CVE-2025-30023 is a critical vulnerability identified in Axis Communications AB's AXIS Camera Station Pro software versions prior to 6.9. The root cause of this vulnerability is a deserialization flaw (CWE-502) in the communication protocol between the client and server components of the product. Specifically, the protocol improperly handles untrusted serialized data, allowing an authenticated user to exploit this flaw to perform remote code execution (RCE) on the server. This vulnerability requires the attacker to have legitimate credentials (low privilege required) but does not require any user interaction beyond authentication. The CVSS v3.1 score of 9.0 reflects the critical nature of this vulnerability, with high impact on confidentiality, integrity, and availability, and a scope that affects the entire system. The vulnerability allows an attacker to execute arbitrary code remotely, potentially leading to full system compromise, data exfiltration, or disruption of video surveillance services. The flaw arises from unsafe deserialization practices, which can allow crafted serialized objects to trigger malicious code execution during the deserialization process. No known public exploits have been reported yet, but the criticality and nature of the vulnerability make it a high-priority risk for organizations using this software.

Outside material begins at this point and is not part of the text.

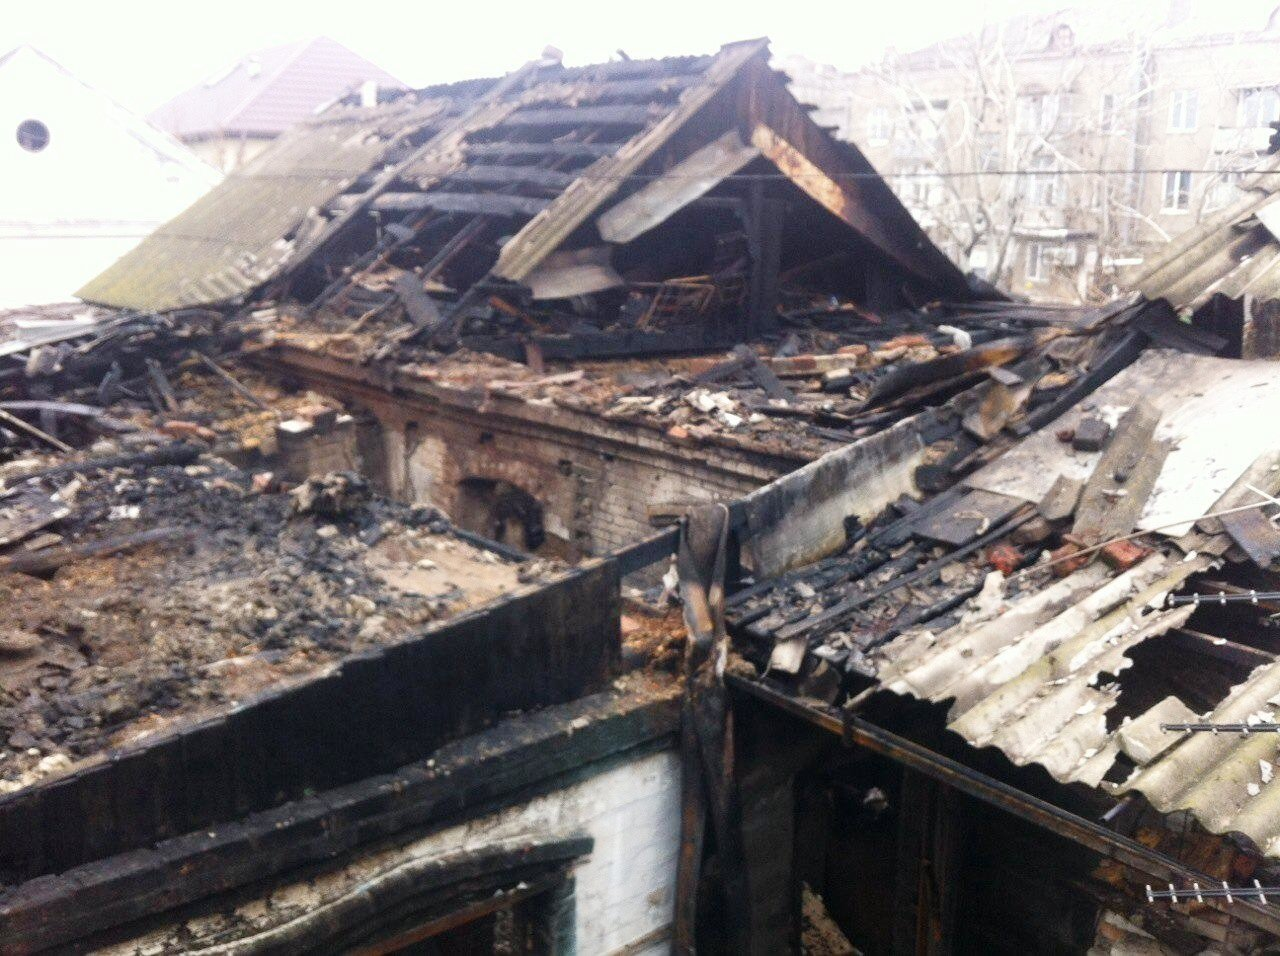 В Бердянске пожар в частном доме тушили 16 спасателей, – ФОТО, фото-3

For European organizations, the impact of this vulnerability can be significant, especially for entities relying on AXIS Camera Station Pro for physical security and surveillance. Successful exploitation could lead to unauthorized control over surveillance infrastructure, enabling attackers to disable or manipulate video feeds, compromise sensitive video data, or use the compromised system as a foothold for lateral movement within the network. This could affect critical infrastructure, government facilities, corporate offices, and public spaces, undermining physical security and potentially violating data protection regulations such as GDPR due to unauthorized access or data breaches. The disruption or manipulation of surveillance systems could also have safety implications in environments relying on real-time monitoring. Given the widespread use of Axis products in Europe, the vulnerability poses a tangible risk to organizations across sectors including transportation, utilities, manufacturing, and public administration.

To mitigate this vulnerability, organizations should prioritize upgrading AXIS Camera Station Pro to version 6.9 or later, where the vulnerability has been addressed. If immediate upgrade is not feasible, organizations should restrict access to the management interfaces of the affected systems to trusted networks and users only, employing network segmentation and strict access controls. Implement multi-factor authentication (MFA) to reduce the risk of credential compromise. Monitoring and logging of authentication events and unusual activities on the camera management systems should be enhanced to detect potential exploitation attempts. Additionally, organizations should review and harden the configuration of the surveillance infrastructure, disable unnecessary services, and apply the principle of least privilege to user accounts. Regular vulnerability scanning and penetration testing focusing on physical security systems can help identify residual risks. Finally, maintaining an incident response plan that includes scenarios involving physical security system compromise is recommended.